- Born: France
- Education: University of Edinburgh (BSc Geophysics MSc Remote sensing and image processing) University College London(PhD Glaciology)
- Scientific career
- Institutions: University at Buffalo - Department of Geology NASA Goddard

= Sophie Nowicki =

Physical scientist

Sophie Marie Jeanne Nowicki, is Empire Innovation Professor in the Department of Geology of the University at Buffalo. She does research on the Greenland and Antarctic ice sheets, focusing on their connections to global climate and sea level. Before that, she was physical scientist at the Nasa Goddard Space Flight Centre, investigating ice sheet changes.

In 2022, an ice-covered foreland in West Antarctica was named Nowicki-foreland in recognition of Nowicki's role in increasing understanding of sea level rise.

== Background and Education ==
Sophie Nowciki was born in northern France to a French mother and American father, both of whom were environmental scientists. Despite originally wanting to be an artist or architect, her parents encouraged her to pursue science.

Following a BSc in Geophysics at the University of Edinburgh, Nowicki completed an MSc in Remote Sensing and Image Processing, where her Master's thesis was supervised by Chris Merchant. Her PhD thesis, entitled 'Modelling the transition zone of marine ice sheets' was completed in the Centre for Polar Observation and Modelling at University College London (UCL), under the supervision of Duncan Wingham.

== Career ==
After completing her PhD, Nowicki first remained at UCL for a postdoctoral position.

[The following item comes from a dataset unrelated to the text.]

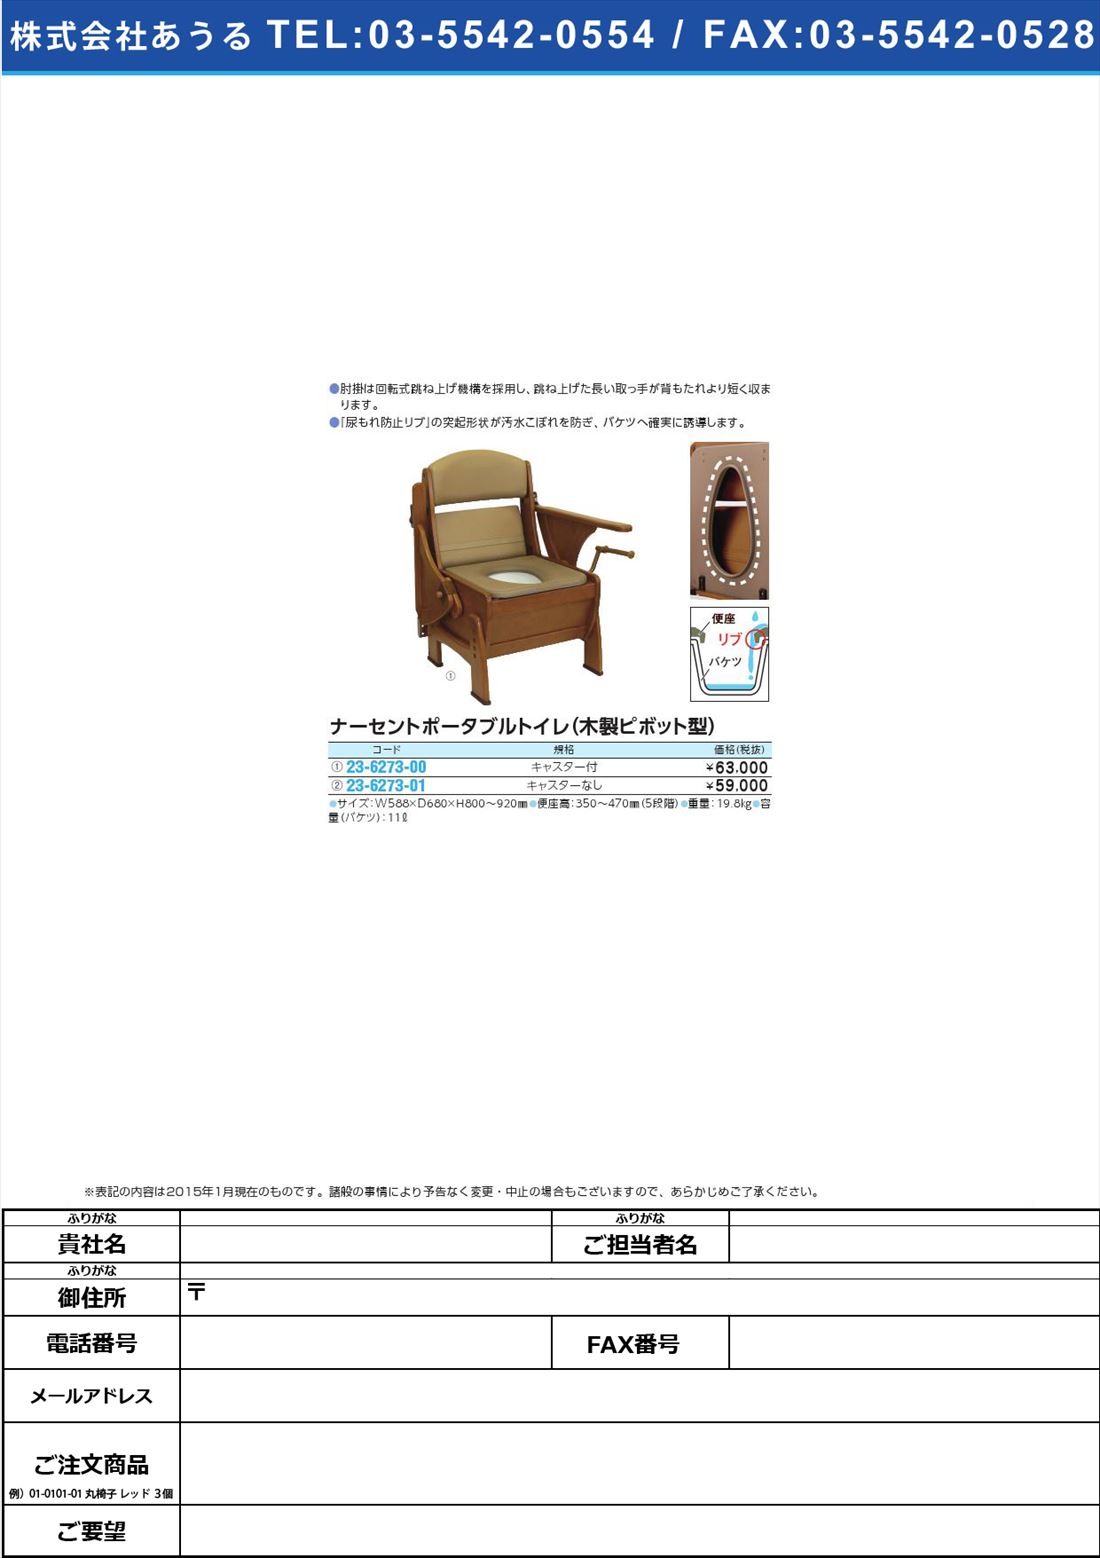 ナーセントトイレ・木製ピボット型 ﾅｰｾﾝﾄﾄｲﾚﾓｸｾｲﾋﾟﾎﾞｯﾄ(23-6273-00)ｷｬｽﾀｰﾂｷ

She was a research scientist at NASA Goddard from 2009 tot 2020. She was Principal Investigator on a National Science Foundation project investigating Ocean-Ice Interaction in the Amundsen Sea, which concluded in 2011.

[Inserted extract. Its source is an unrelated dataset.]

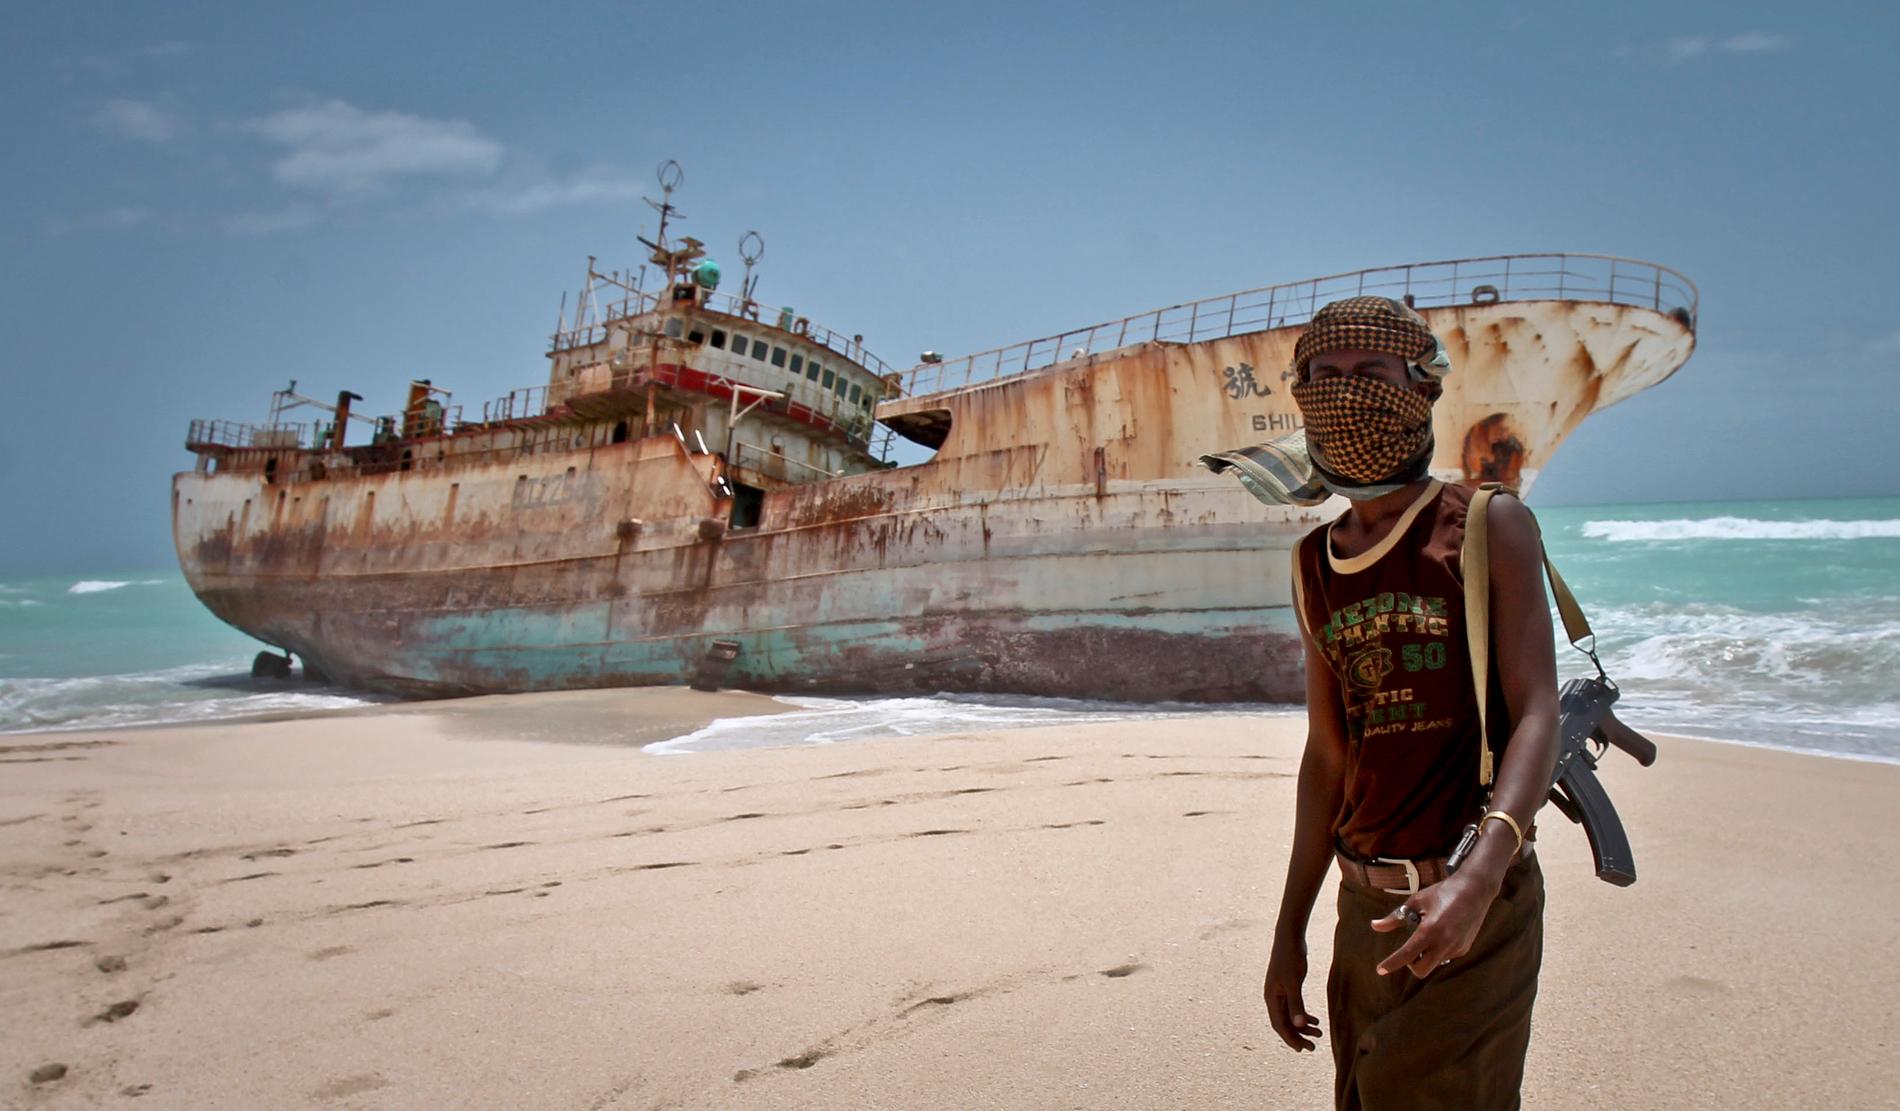 Arkivbild från 2012 på en somalisk fartygskapare framför en taiwanesisk fiskebåt som kapats utanför Somalias kust.

Nowicki was Deputy Chief for the Cryospheric Sciences Laboratory and co-leader of the steering committee for the Ice Sheet Model Intercomparison Project for CMIP6. She was the official responsible for the Cryosphere Model Comparison Tool. During her time at NASA she worked in Operation IceBridge, and co-led the international SeaRISE (Sea-Level Response to Ice Sheet Evolution) project looking at the sensitivity of ice sheets to external environmental forcings. She was a member of the Community Earth System Model (CESM) Scientific Steering Committee (SSC) and an executive committee member for the Ice Sheet Mass Balance Intercomparison Exercise phase 2 (IMBIE2).

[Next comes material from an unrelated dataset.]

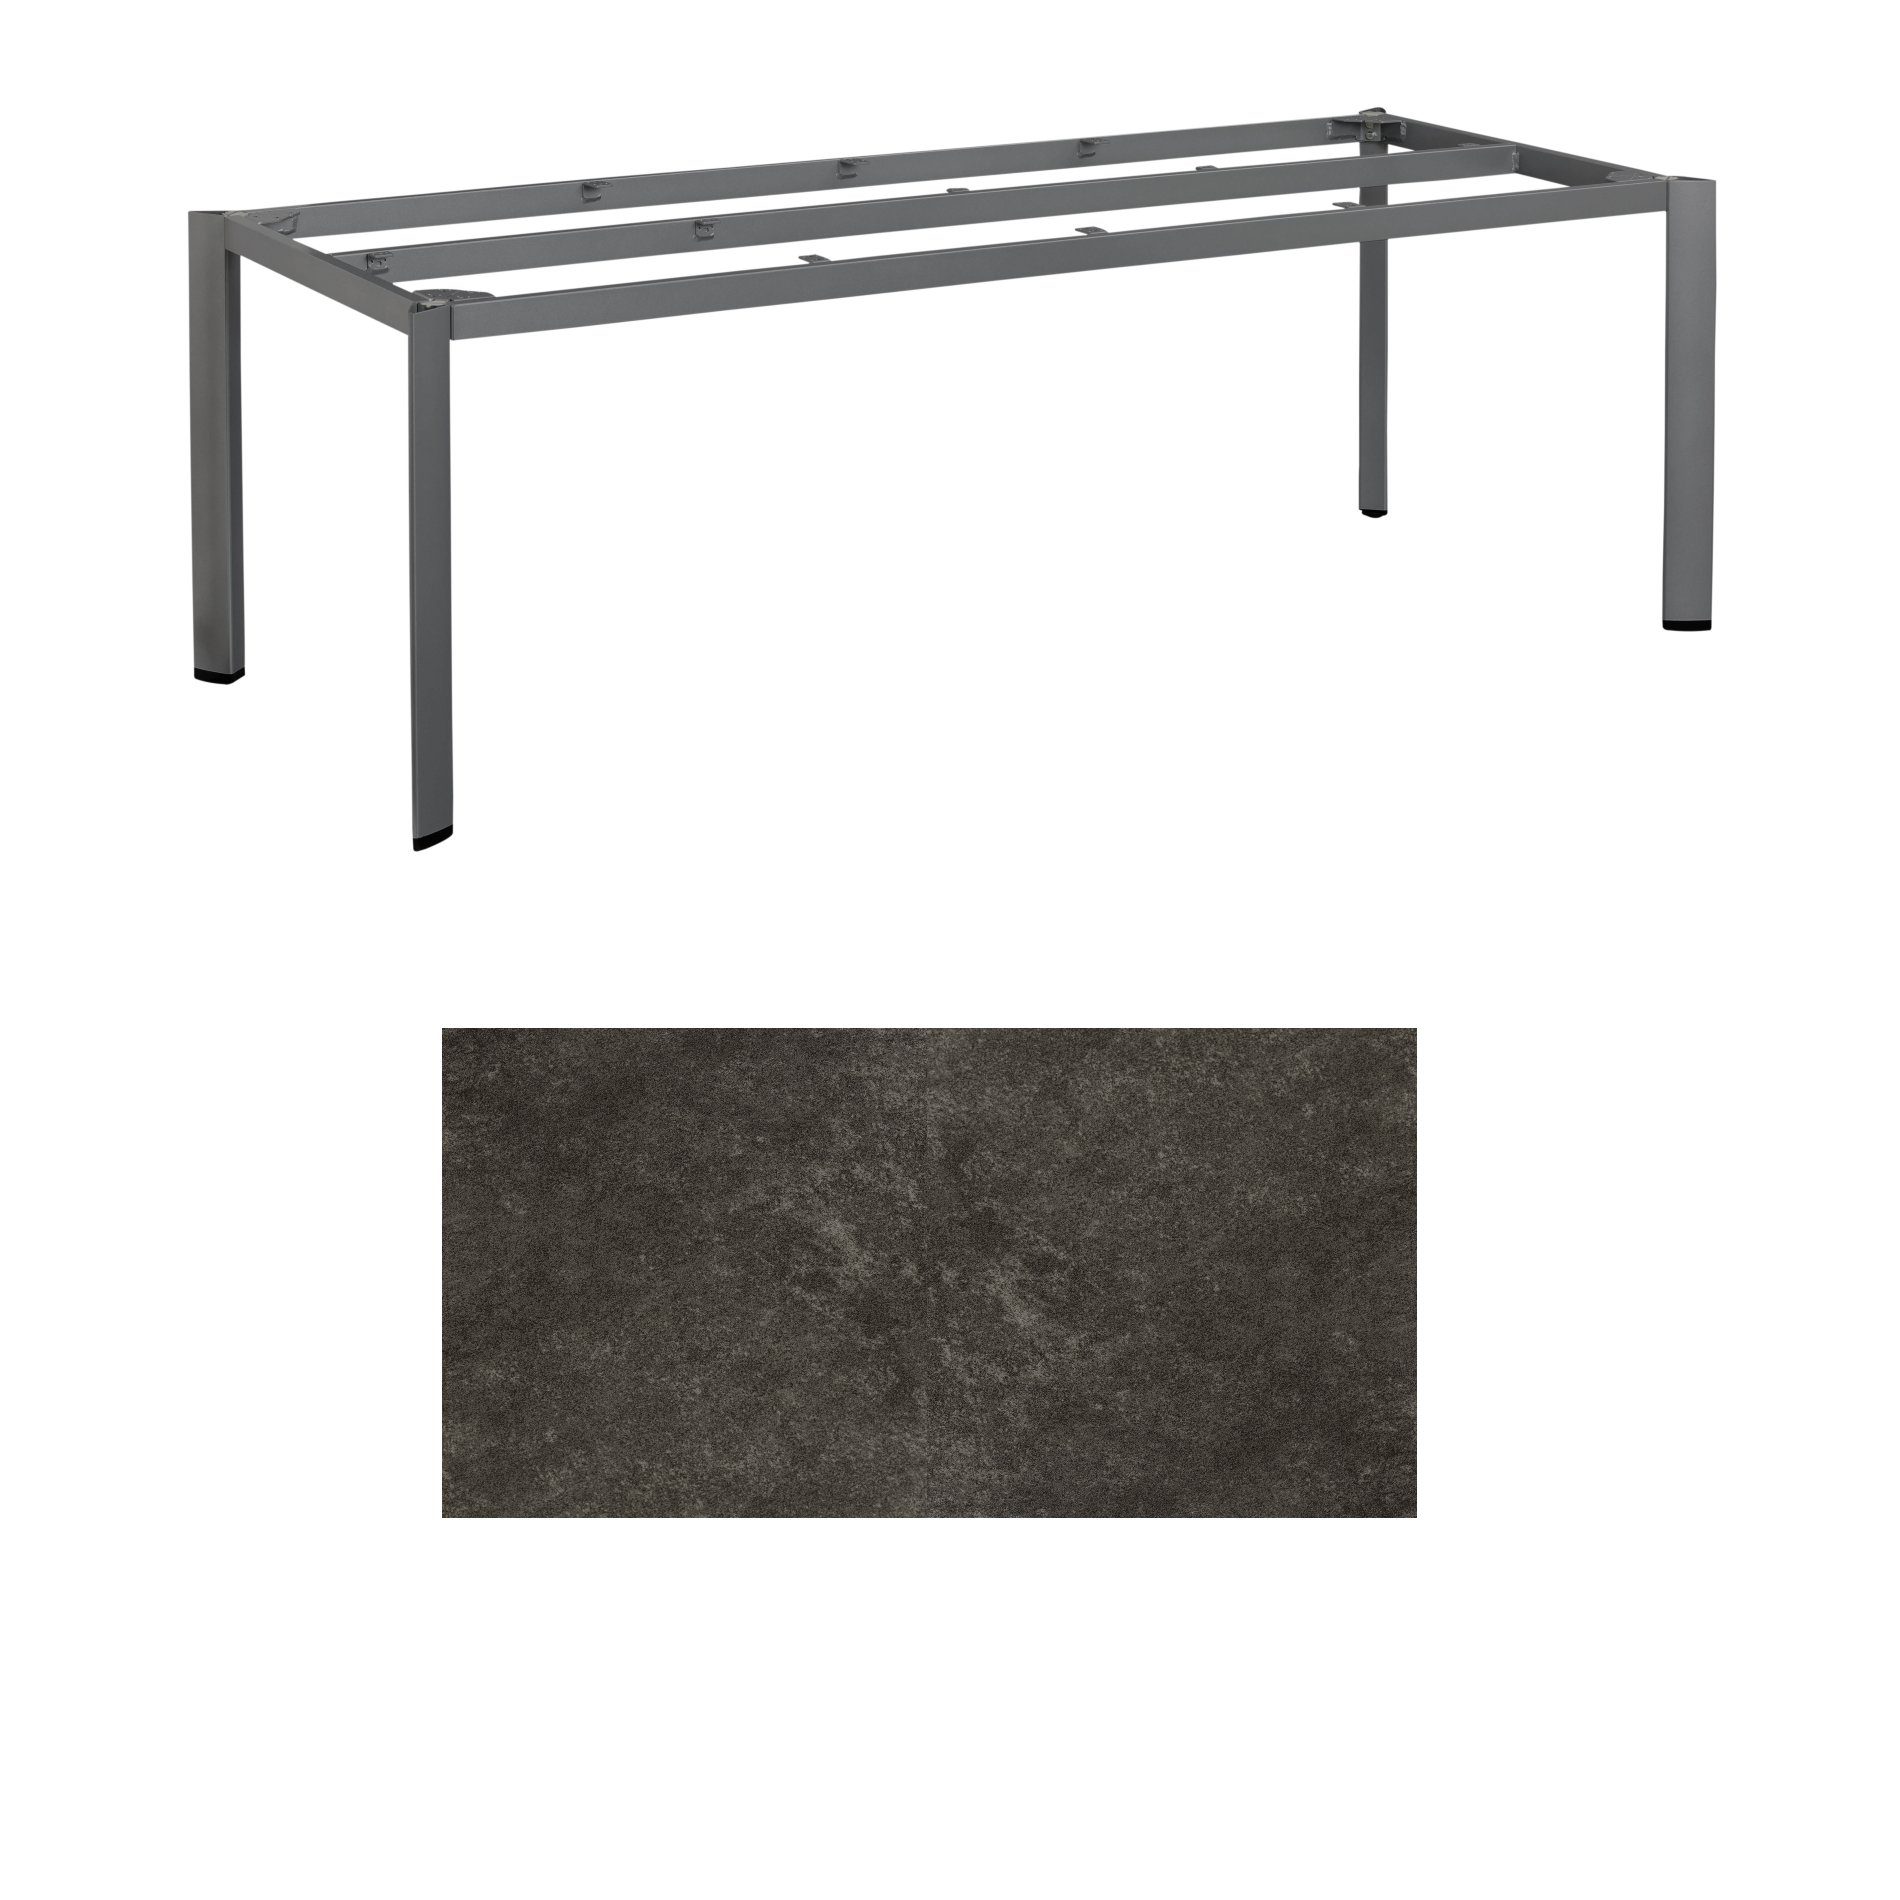 Kettler Gartentisch, Tischgestell 220x95cm "Edge", Aluminium anthrazit, mit Tischplatte Keramik anthrazit

In August 2020, Nowicki became Empire Innovation Professor at the Department of Geology of the University at Buffalo, USA. She does research on the Greenland and Antarctic ice sheets, focusing on their connections to global climate and sea level. Her work takes in local processes in ice sheets as well as continental models, and the impact of ice sheet changes on sea levels. She is also interested in improving polar climate models.

Nowicki is a Member of the World Climate Research Programme Sea Level Change and Coastal Impacts Chand Challenge and a Lead author for the IPCC AR6 Chapter 9 “Ocean, cryosphere, and sea level change”

Her work often attracts media attention because of her investigations into and comments on climate change. She has spoken to news groups including Yahoo News and Florida Weekly and recorded a NASA Google+ Hangout on sea level rise.

She credits climate scientist Gavin Schmidt as her unofficial mentor.

In 2022, an ice-covered foreland in West Antarctica was named Nowicki-foreland in recognition of Nowicki's role in increasing understanding of sea level rise. The UK Antarctic Place-names Committee approved the term “Nowicki Foreland” to refer to a “high, ice-covered foreland 9 kilometers wide and 30 kilometers long, forming the eastern arm of the Martin Peninsula on the coast of Marie Byrd Land.”